**Problem statement**
Look through the listing below for the line with "Xii tyski festiwal performance plakat" and the line with "Southloom Light Green". Copy both, along with every line between them, exactly and with no pictures.

**Data in this exercise**
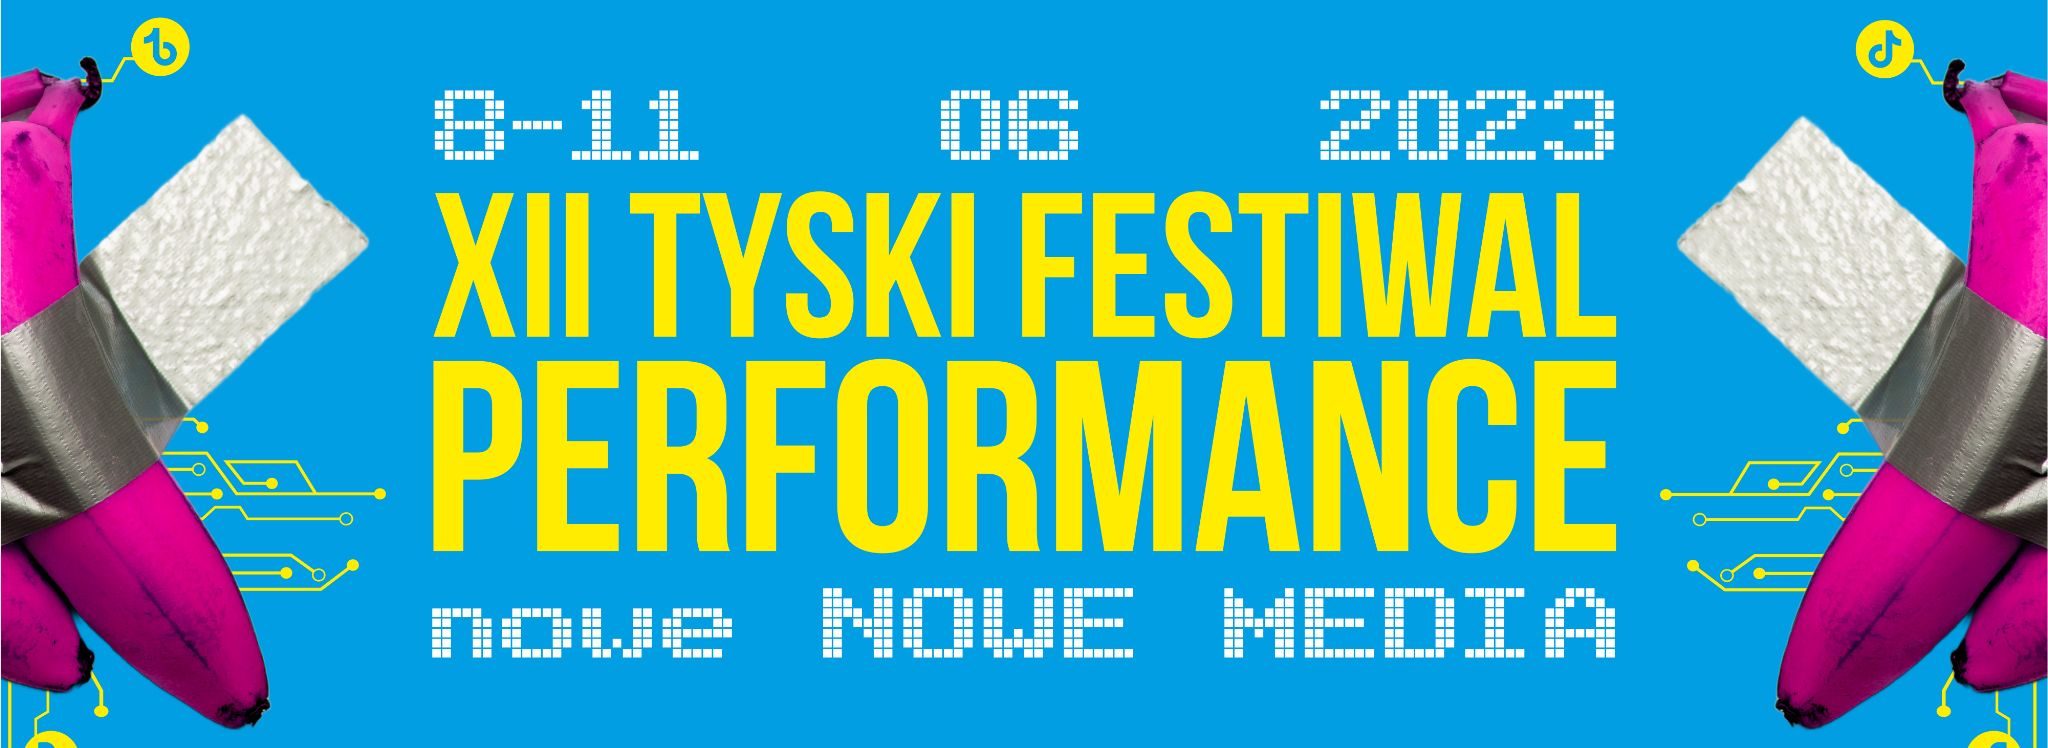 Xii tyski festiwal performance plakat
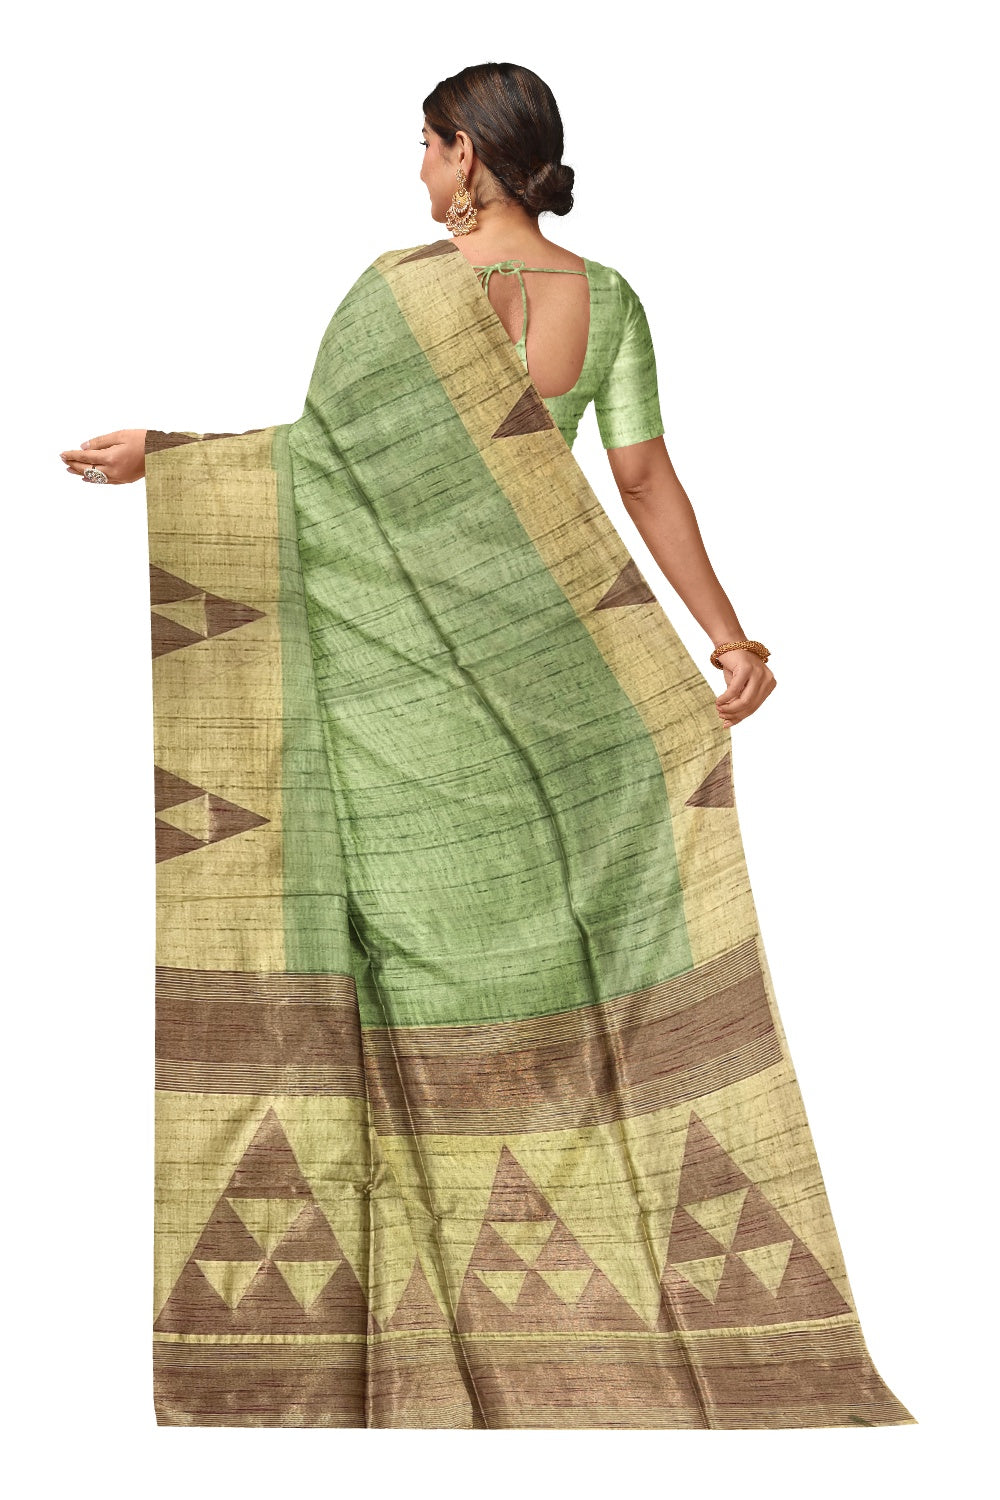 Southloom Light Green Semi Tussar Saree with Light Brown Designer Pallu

...

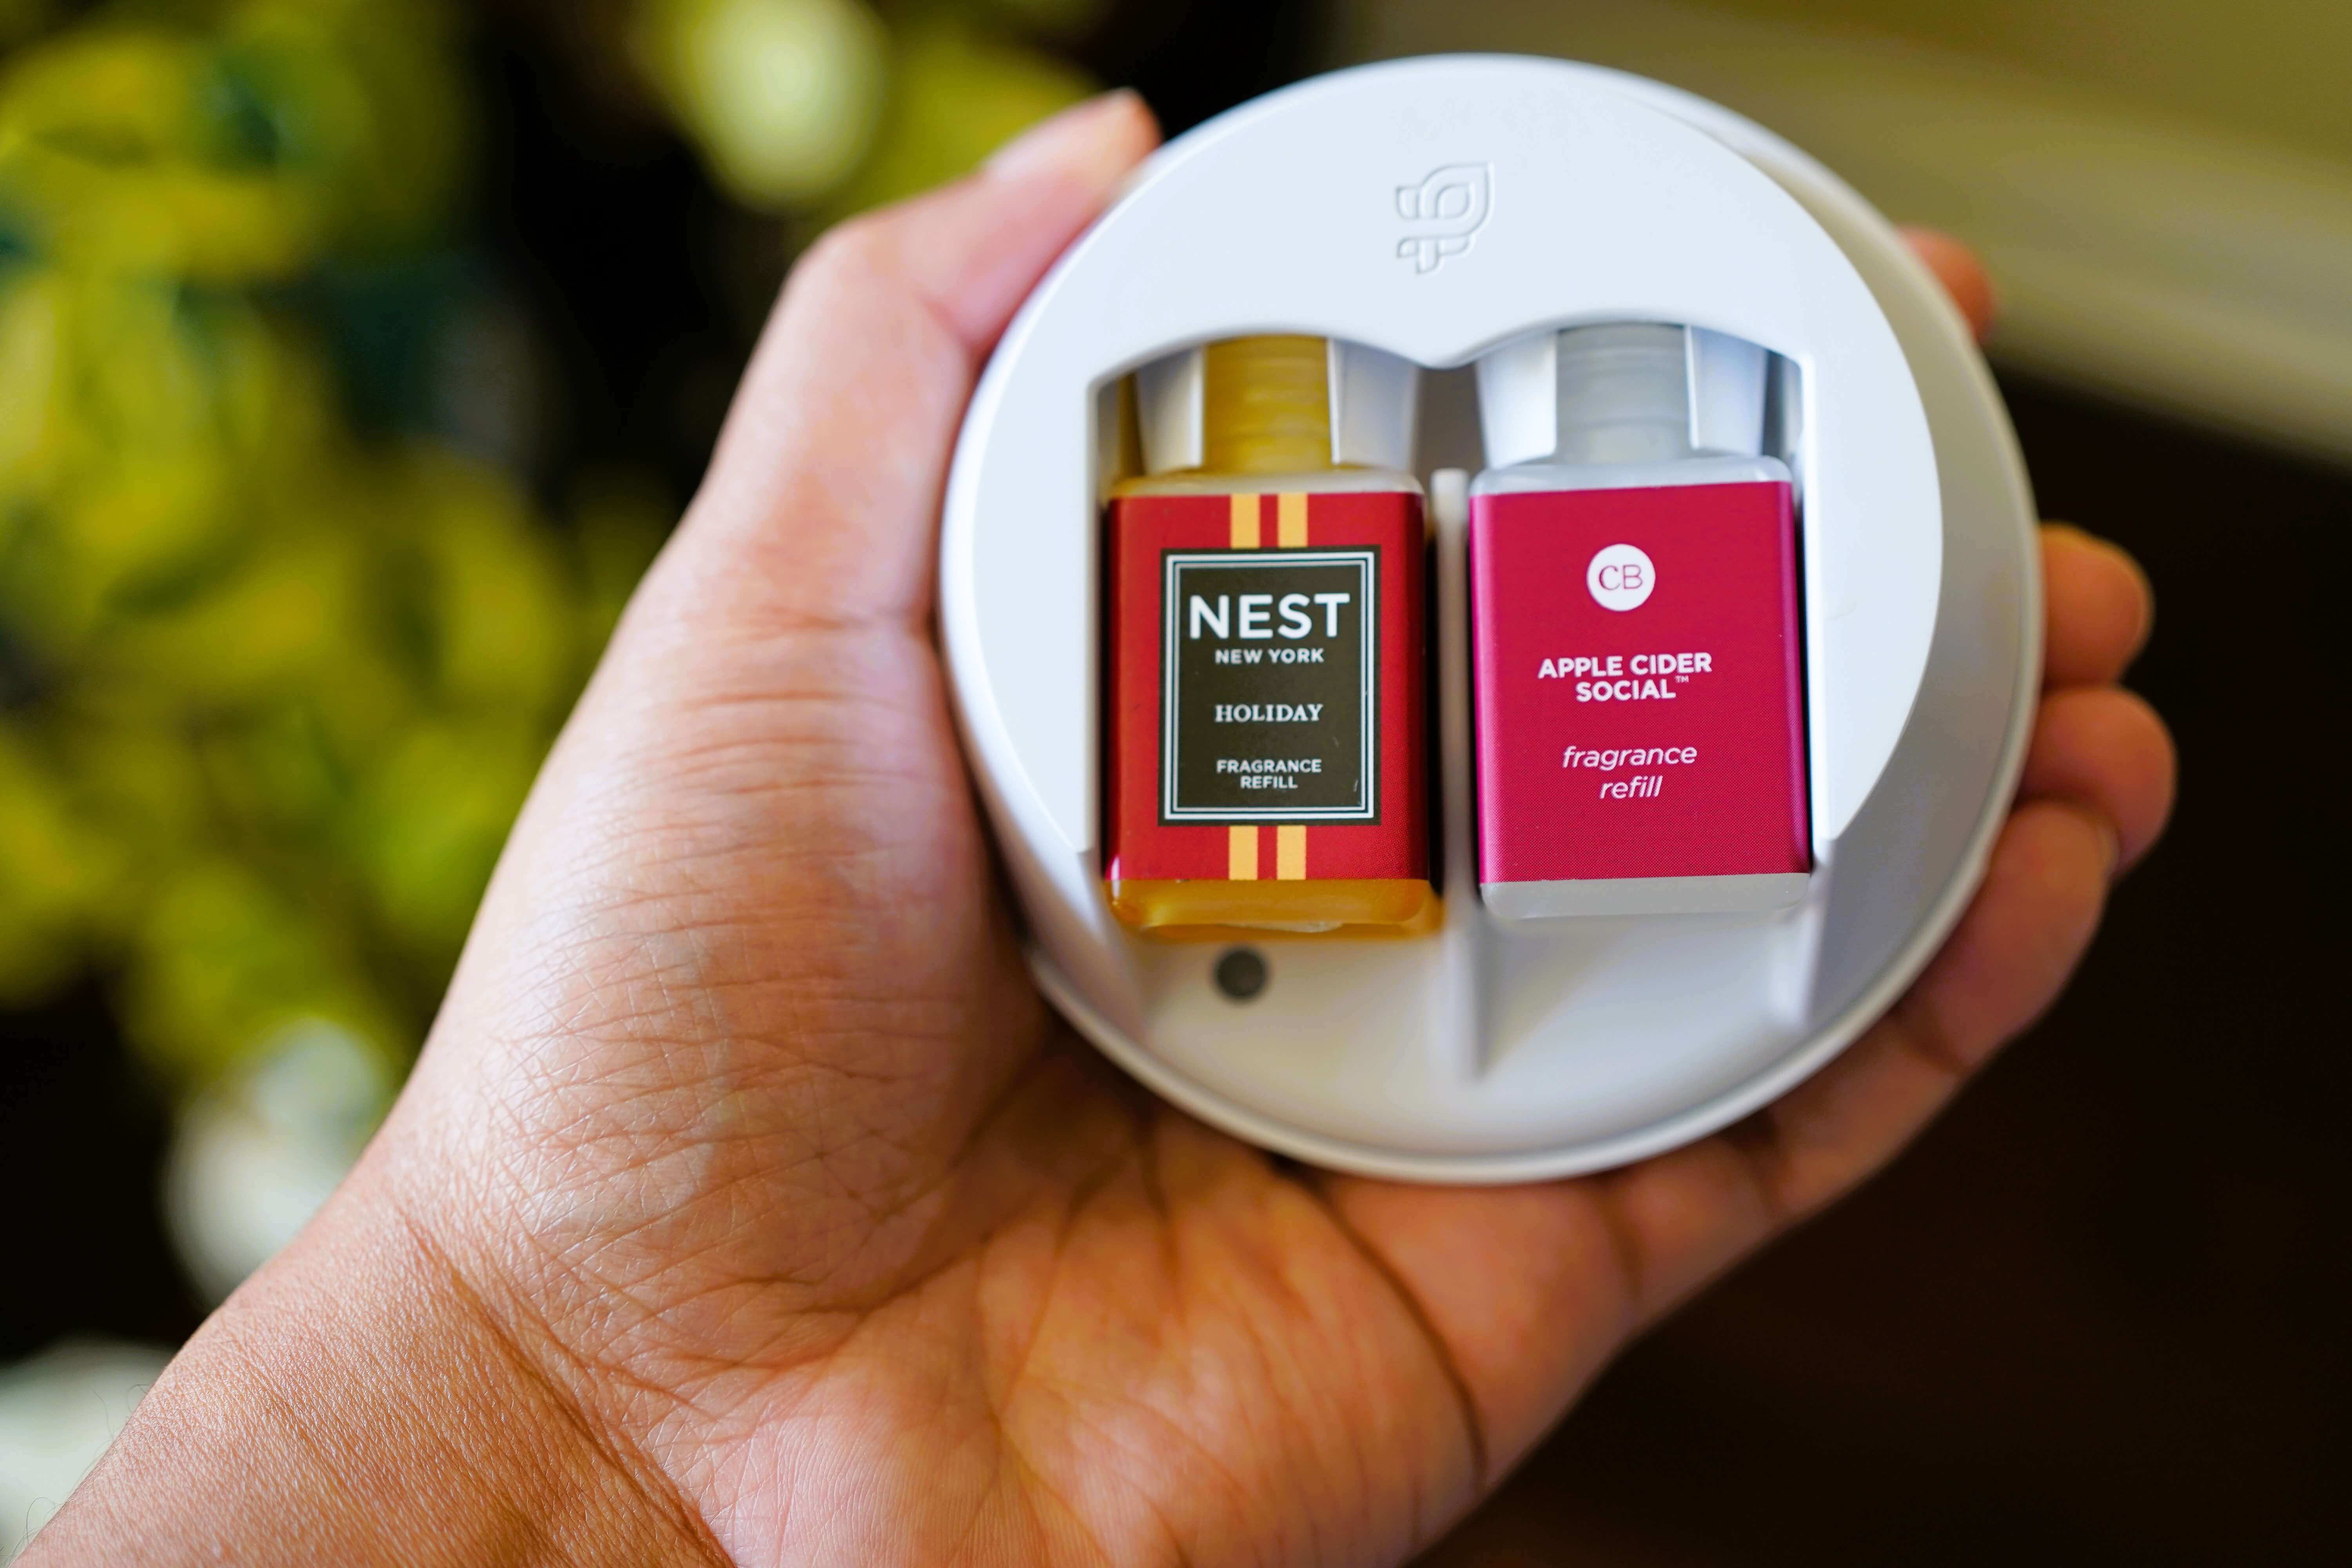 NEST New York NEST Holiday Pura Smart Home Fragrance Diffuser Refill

**Problem solution**
 Xii tyski festiwal performance plakat
 Southloom Light Green Semi Tussar Saree with Light Brown Designer Pallu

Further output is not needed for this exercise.